Sooooo SSL and this hosting provider
I am a fan of the idea of putting SSL all over the place.
But wait! This very site does not even have SSL or serve data over a secure channel.
Well here is my current problem. This particular hosting provider is somewhat behind the times. They do not support users setting up more than one SSL certificate and I host multiple sites with them. I guess I am left with a simple choice here really. Move to a new hosting provider or just accept that even this simple site login is insecure and open to being spied on or stolen.
I hear the skeptics saying “But with Let’s encrypt you can use Subject Alternative Names” and yes, this would solve the problem, but directly link all the sites I host on this server. I do not want to do this. I also know that its not difficult to find out this information, but I do not want to broadcast it with every connection.
I use Let’s Encrypt wherever I can as it is simple to use on just about any OS. I actively use it on my windows servers as well as my Linux servers. Both pretty easy to setup and get going.

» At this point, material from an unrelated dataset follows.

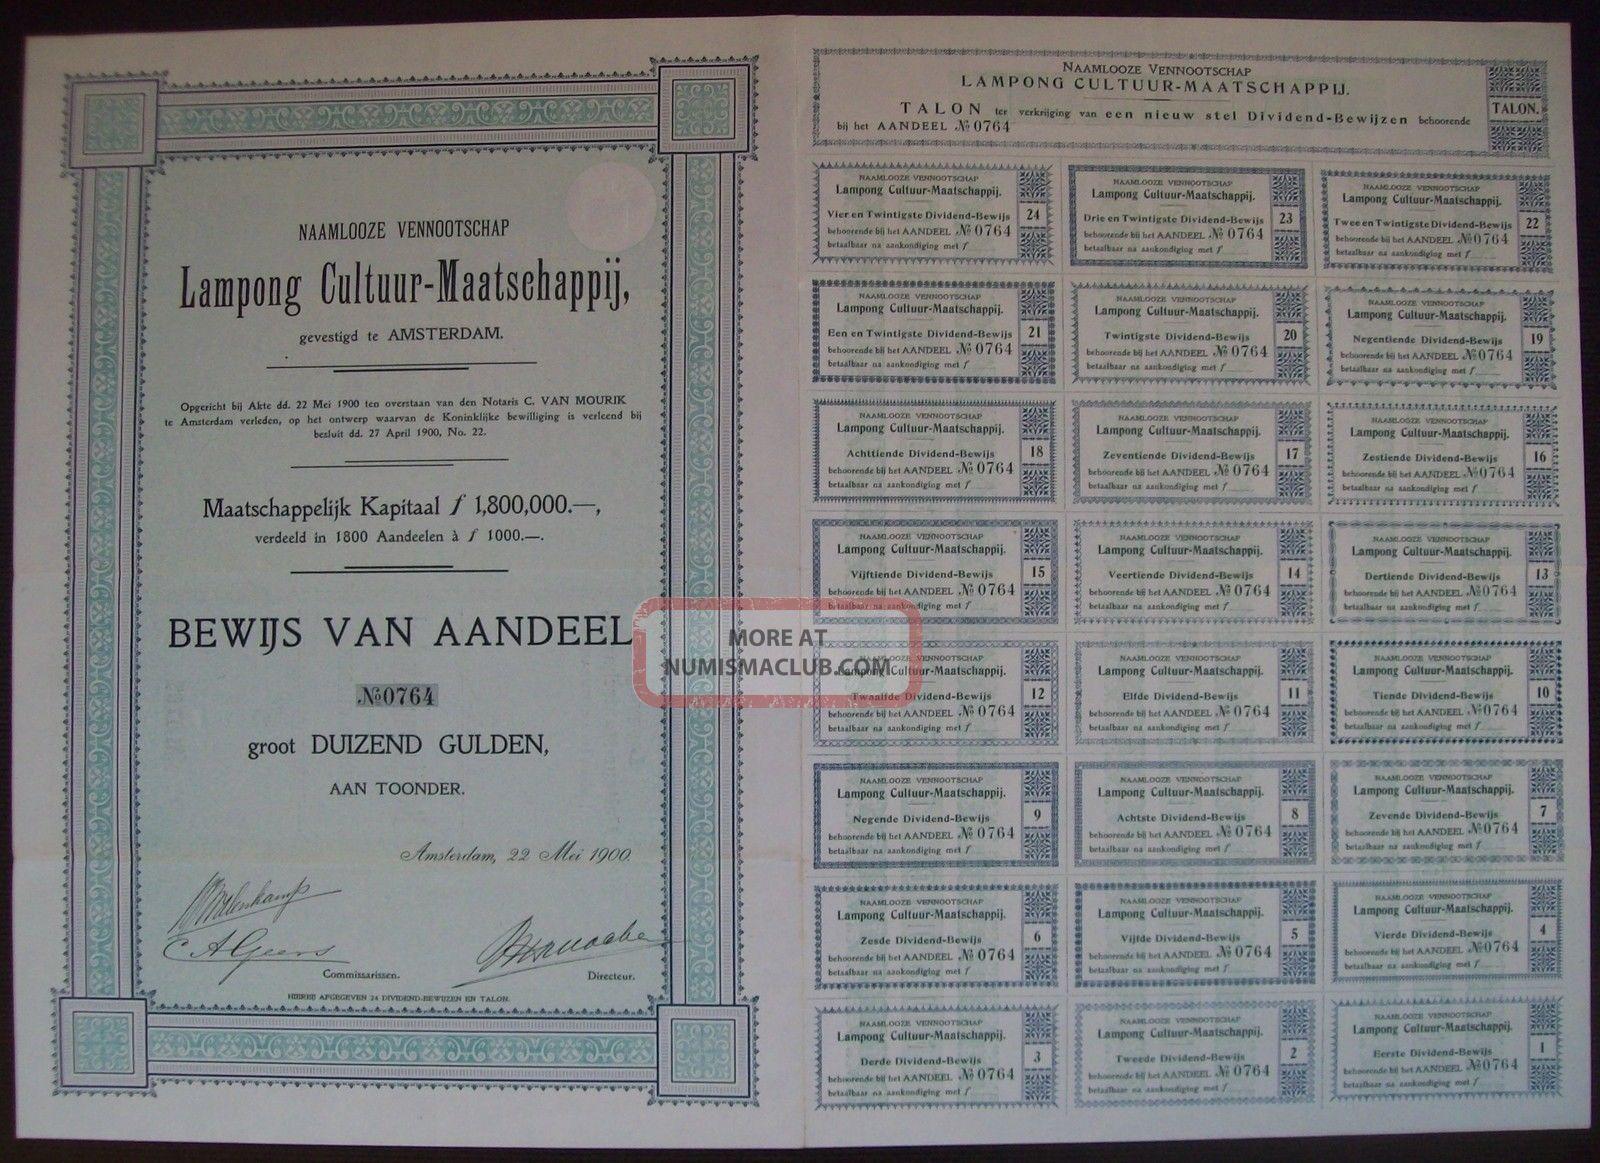 Netherlands 1900 Bond With Coupons Lampong Cultuur Maatschappij Tobacco.  B1526 World photo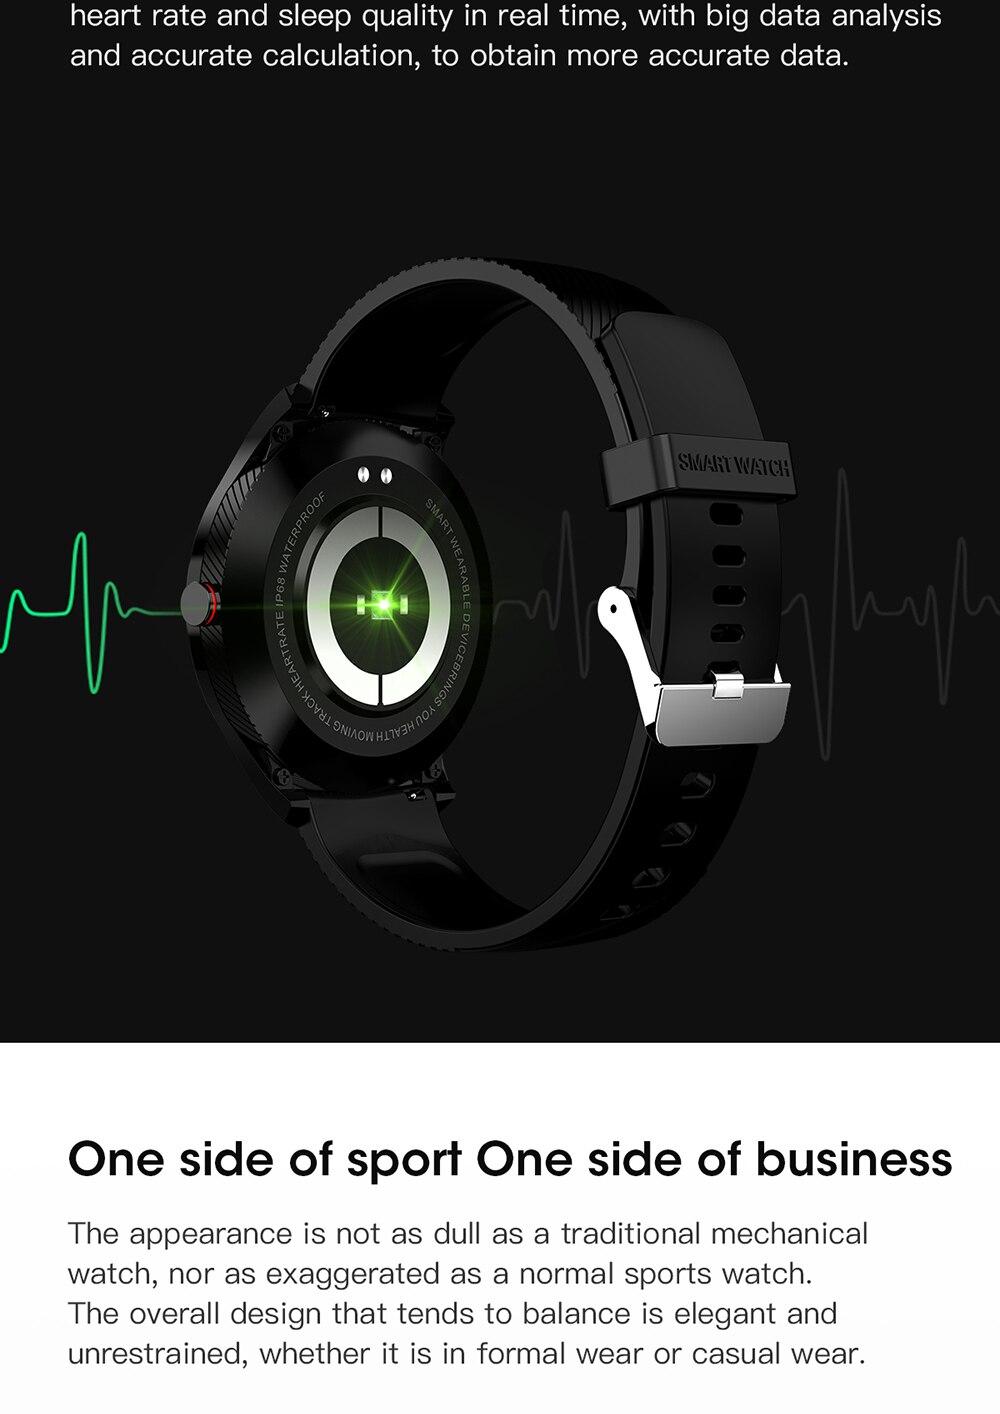 Hf26d7feb644d4f6e87aabfe5aec39aafN 696 L9 Full touch Smart Watch Men ECG+PPG Heart Rate Blood Pressure oxygen Monitor IP68 Waterproof Bluetooth Smart Bracelet

I do find it disappointing, hhhmmmm, or maybe I have been spoilt with using AWS (Amazon Web Services) and the ease of doing certain things, but in this era of regular data breaches and peoples passwords “hitting the streets” I feel SSL should be offered free by all hosting providers. If not through the tools and control panels then at the very least enable the customers to easily set up and use Let’s Encrypt.